Von der Konföderation zurückgewiesen, gab Little Turtle das vollständige Kommando an Blue Jacket ab. Um sich Wayne zu stellen, nahm Blue Jacket eine Verteidigungsposition entlang des Maumee River in der Nähe eines Wäldchens umgestürzter Bäume und in der Nähe des von Briten gehaltenen Fort Miami ein. Es wurde gehofft, dass die umgestürzten Bäume den Vormarsch von Waynes Männern verlangsamen würden.

 

Die Amerikaner streiken

Am 20. August 1794 wurden die führenden Elemente von Waynes Kommando von den Streitkräften der Konföderation unter Beschuss genommen. Wayne schätzte die Situation schnell ein und setzte seine Truppen mit seiner Infanterie ein, die von Brigadegeneral James Wilkinson rechts und Oberst John Hamtramck links angeführt wurde. Die Kavallerie der Legion bewachte die amerikanische Rechte, während die Brigade der berittenen Kentuckianer den anderen Flügel beschützte.

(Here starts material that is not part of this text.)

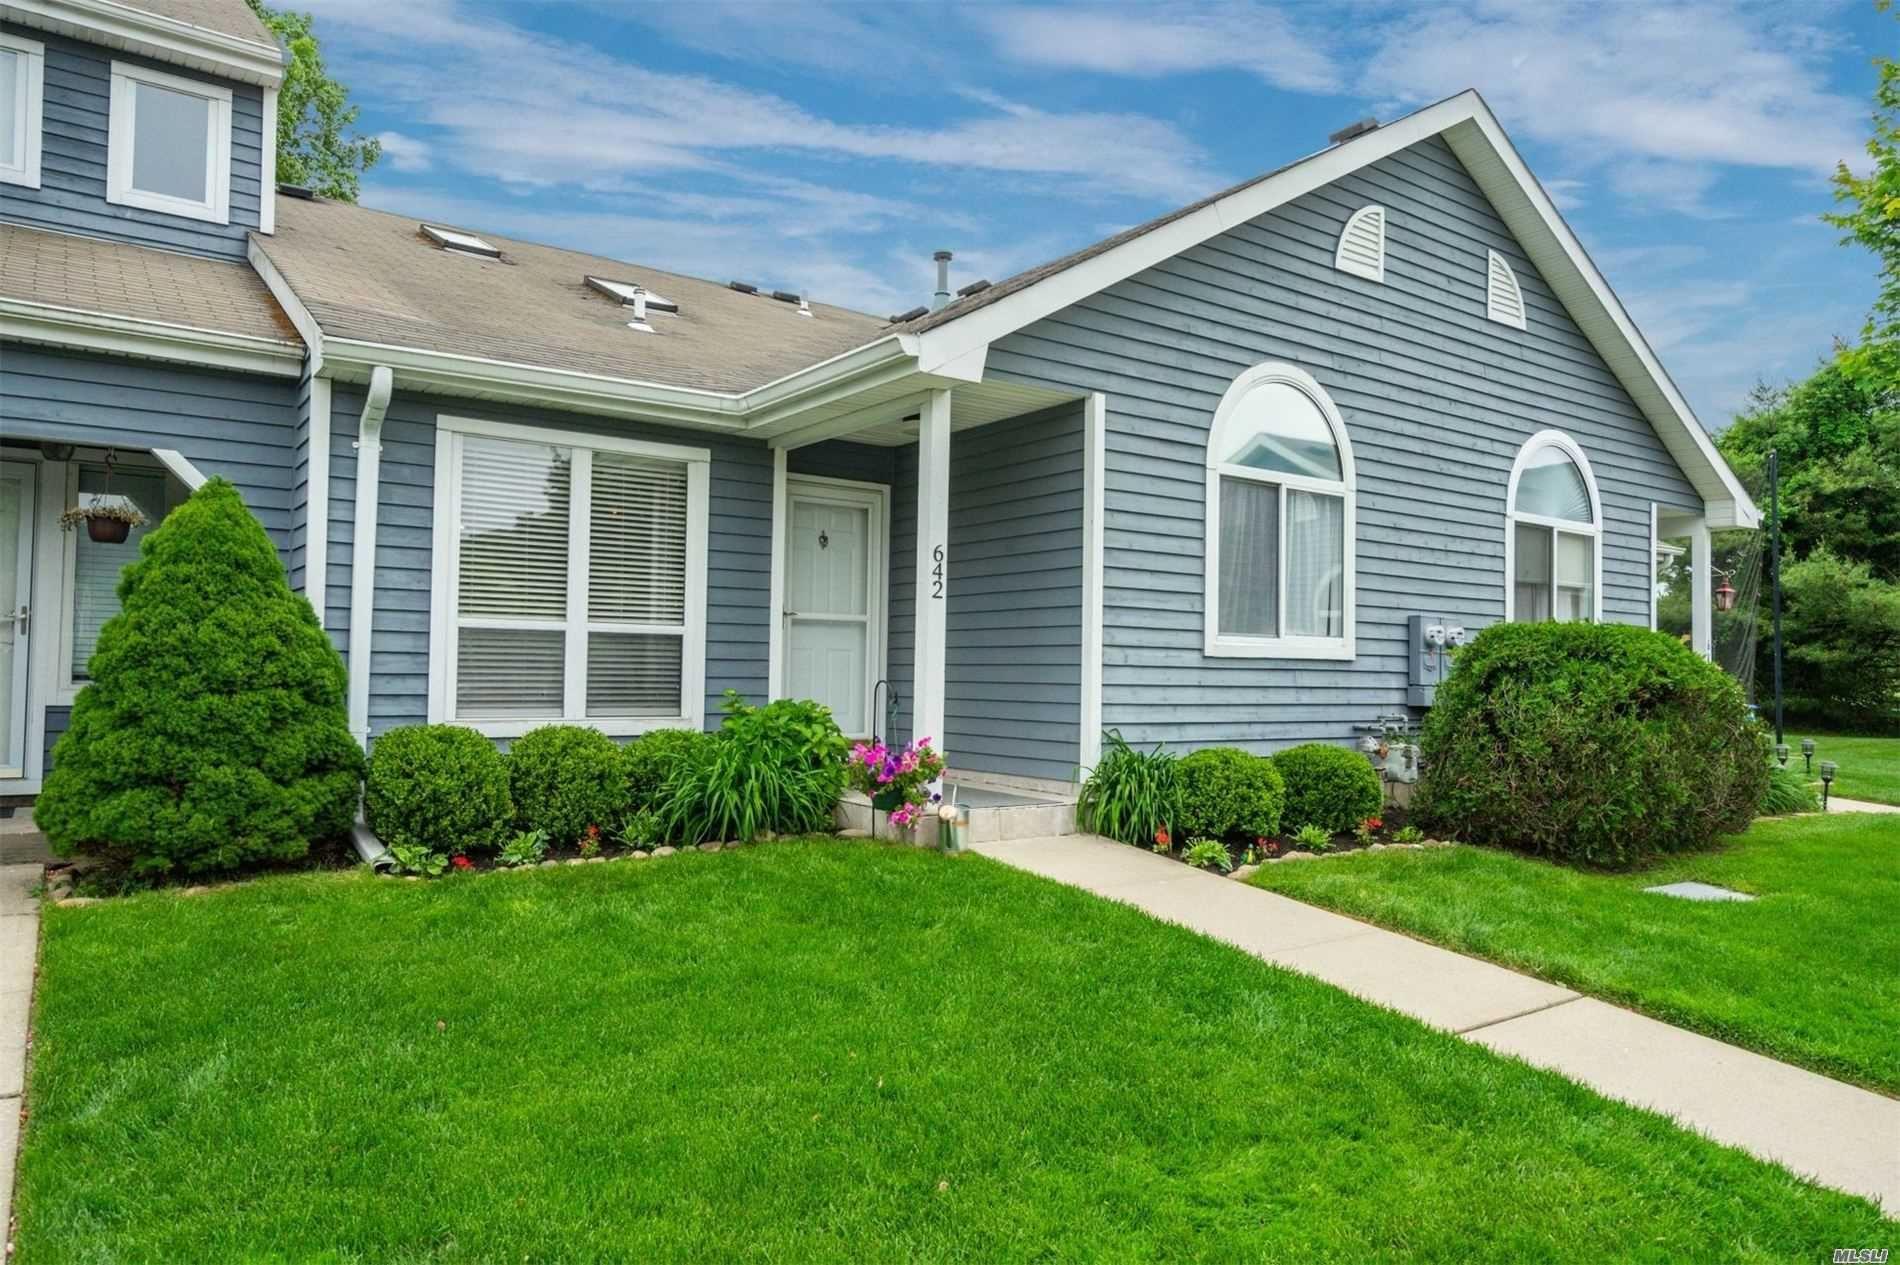 642 Birchwood Park Drive, Middle Island, NY 11953 - MLS#: 3222509

Als das Gelände den effektiven Einsatz von Kavallerie auszuschließen schien, befahl Wayne seiner Infanterie, einen Bajonettangriff durchzuführen, um den Feind von den umgestürzten Bäumen zu spülen. Nachdem dies erledigt war, konnten sie effektiv mit Musketenfeuer abgefeuert werden.

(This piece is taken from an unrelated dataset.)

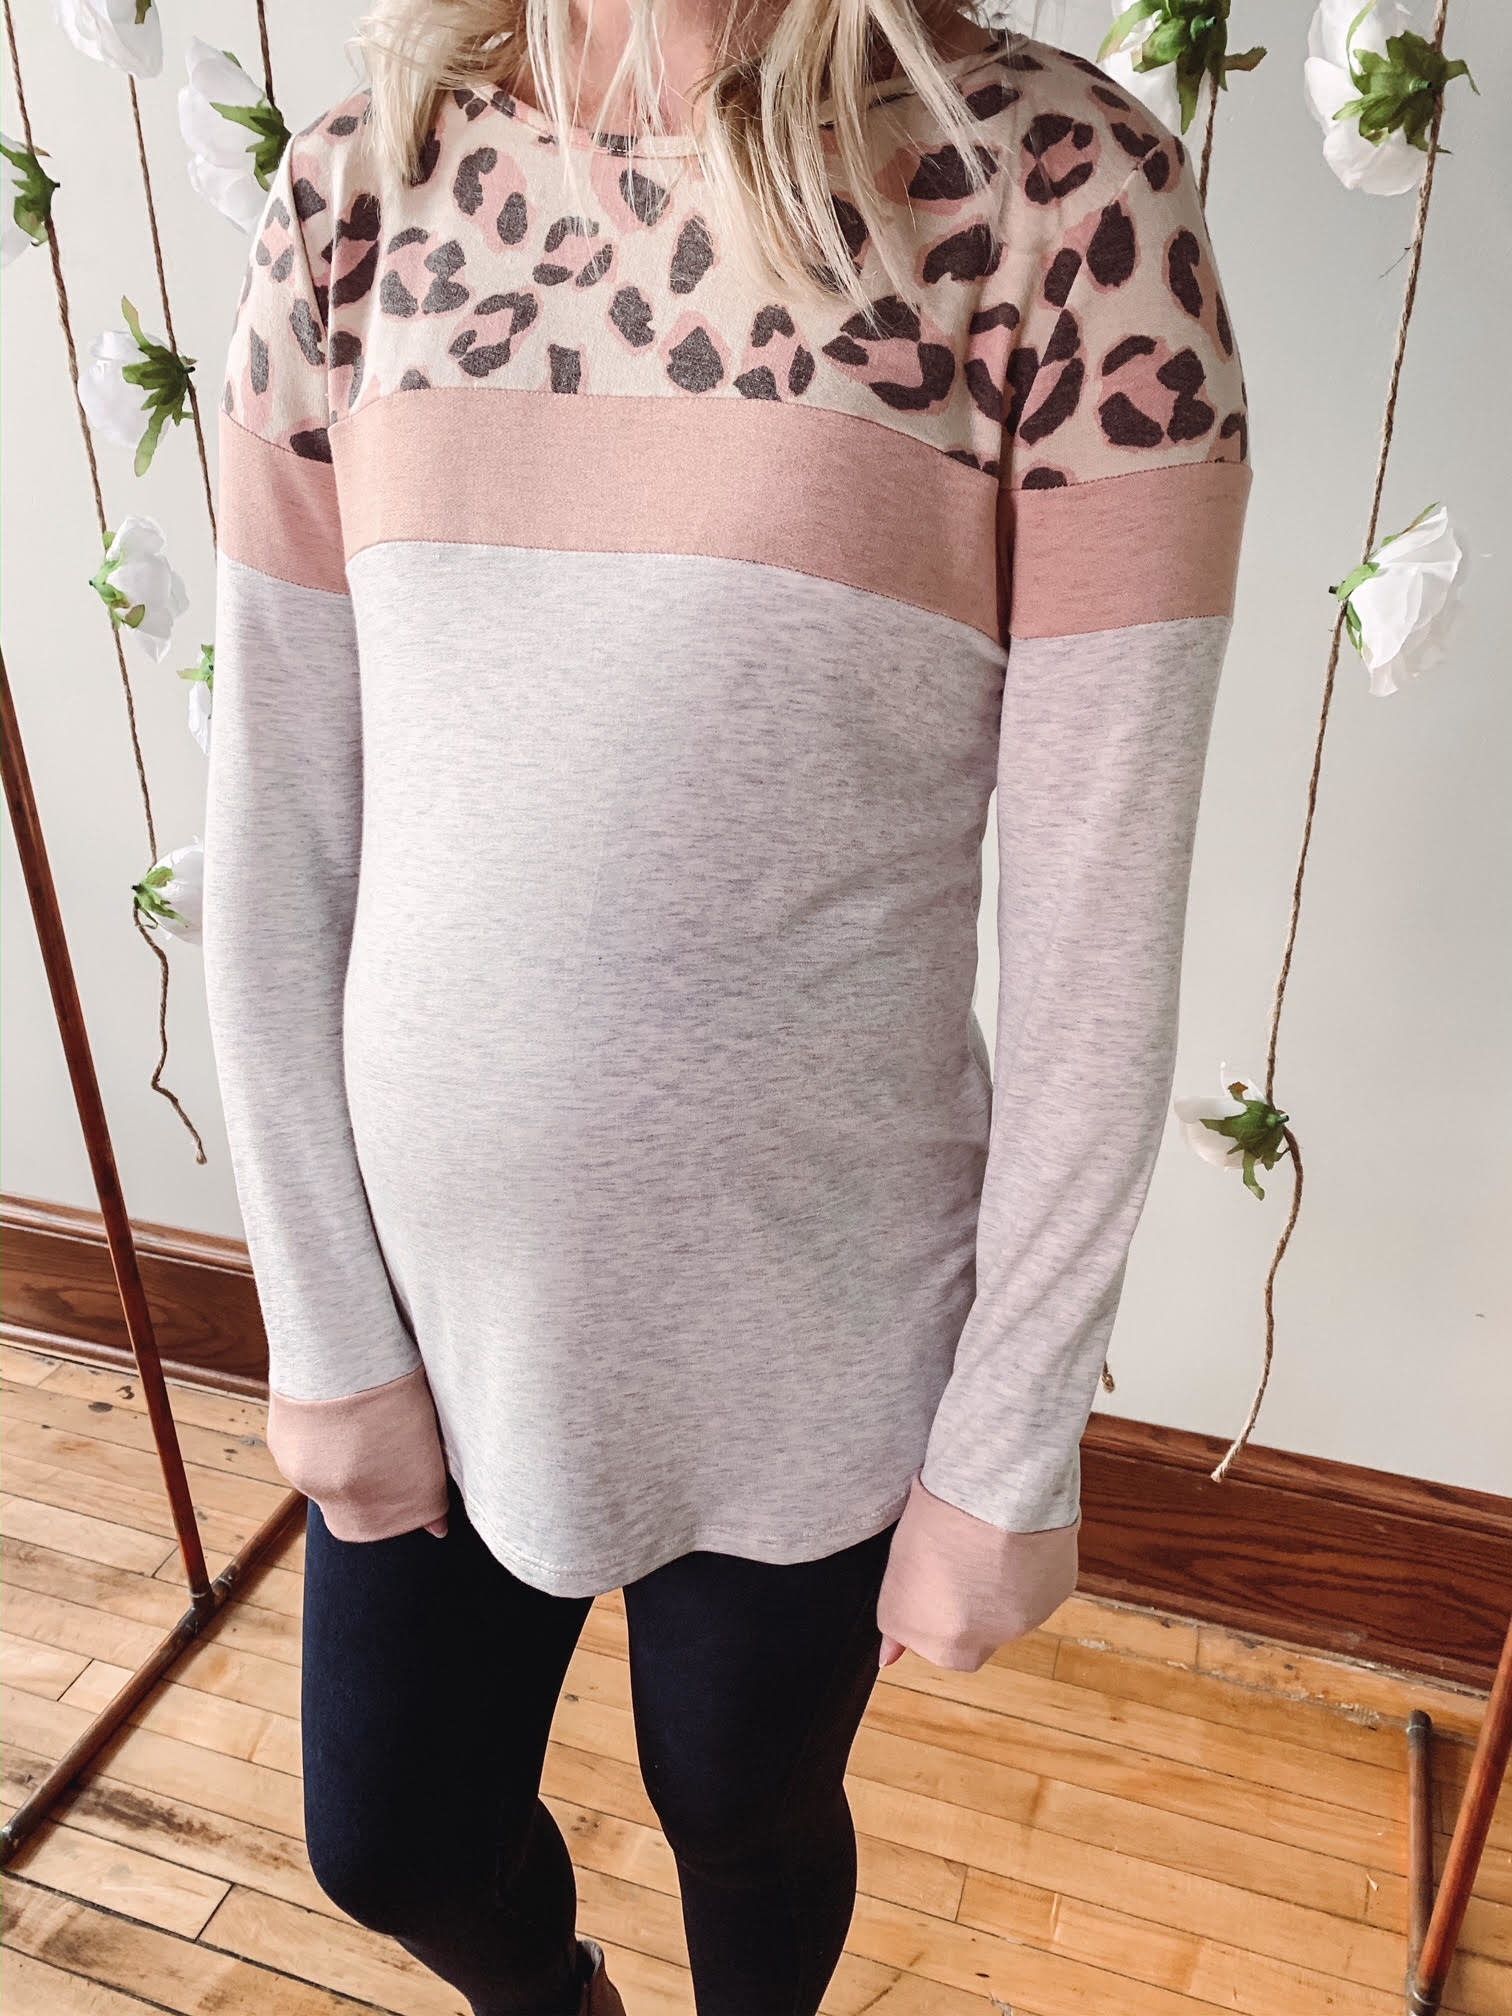 Liz Leopard Color Block Top

Die überlegene Disziplin von Waynes Truppen rückte schnell vor und die Konföderation wurde bald aus ihrer Position gedrängt. Sie begannen zu brechen und flohen vom Feld, als sich die amerikanische Kavallerie, die über die umgestürzten Bäume stürmte, dem Kampf anschloss. Auf der Flucht flohen die Krieger der Konföderation nach Fort Miami in der Hoffnung, dass die Briten Schutz bieten würden. Als sie dort ankamen, waren die Tore geschlossen, da der Befehlshaber der Festung keinen Krieg mit den Amerikanern beginnen wollte. Als die Männer der Konföderation flohen, befahl Wayne seinen Truppen, alle Dörfer und Ernten in der Gegend zu verbrennen und sich dann nach Fort Greenville zurückzuziehen.

 

Folgen & Auswirkungen

Bei den Kämpfen in Fallen Timbers verlor Waynes Legion 33 Tote und 100 Verwundete. Meldet Konflikte in Bezug auf die Opfer der Konföderation, wobei Wayne dem britisch-indischen Ministerium 30-40 Tote auf dem Feld vorwirft. Der Sieg bei Fallen Timbers führte schließlich zur Unterzeichnung des Vertrags von Greenville im Jahr 1795, der den Konflikt beendete und alle beseitigte Die Konföderation beansprucht Ohio und die umliegenden Länder. Unter den Führern der Konföderation, die sich weigerten, den Vertrag zu unterzeichnen, befand sich Tecumseh, der den Konflikt zehn Jahre später erneuern würde.